Multiple-alias syntax for foreach

Preamble

Author:
Sponsor: Nicholas Clark <nick@ccl4.org>
ID:      0001
Status:  Implemented

Abstract

Implement the currently illegal syntax for my ($key, $value) (%hash) { ... } to act as two-at-a-time iteration over hashes. This approach is not specific to hashes - it generalises to n-at-a-time over any list.

Motivation

The each function is generally discouraged due to implementation details, but is still the most “pretty” and concise way to write such a loop:

while (my ($key, $value) = each %hash) { ... }

An alternative to this would be a syntax to alias multiple items per iteration in a for loop.

for my ($key, $value) (%hash) { ... }

This generalizes as a “bundler” - to alias a number of elements from the list equal to the number of variables specified. Such as:

for my ($foo, $bar, $baz) (@array) {
    # $foo, $bar, and $baz are the next three elements of @array,
    # or undef if overflowed

Rationale

The existing syntax to iterate over the keys and values of a hash:

while (my ($key, $value) = each %hash) { ... }

suffers from several problems

For correctness it assumes that the internal state of the hash being “clean” - to be robust one should reset the iterator first with keys %hash; in void context
It’s hard to teach to beginners - to understand what is going on here one needs to know
- list assignment
- empty lists are false; non-empty lists are true
- that the hash holds an internal iterator
You can’t modify the hash inside the loop without confusing the iterator

You can write it in two lines as

for my $k (keys %hash) {
    my $v = $hash{$h};
    ...
}

(three if %hash is actually a complex expression you don’t want to evaluate twice)

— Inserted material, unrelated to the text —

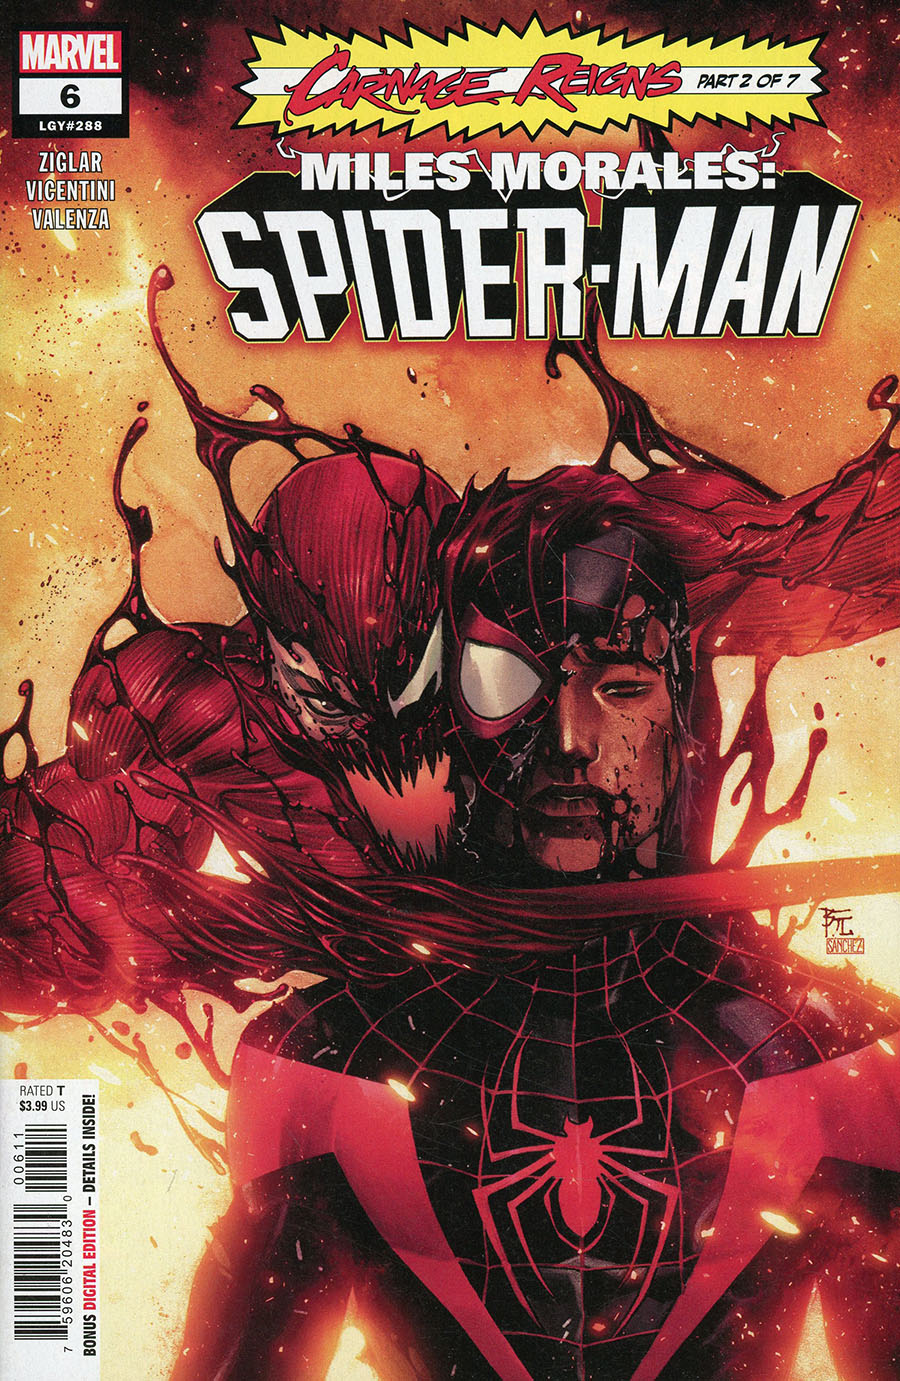 Miles Morales Spider-Man Vol 2 #6 Cover A Regular Dike Ruan Cover (Carnage Reigns Part 2)

but that’s not perceived as an obvious “win” over the one-liner.

The more general n-at-a-time iteration of an array problem doesn’t have a simple generic solution. For example, you can destructively iterate an array:

while (@list) {
    my ($x, $y, $z) = splice @list, 0, 3;
    ...
}

(with that 3 needing to be written out explicitly - it can’t derived from the number of lexicals)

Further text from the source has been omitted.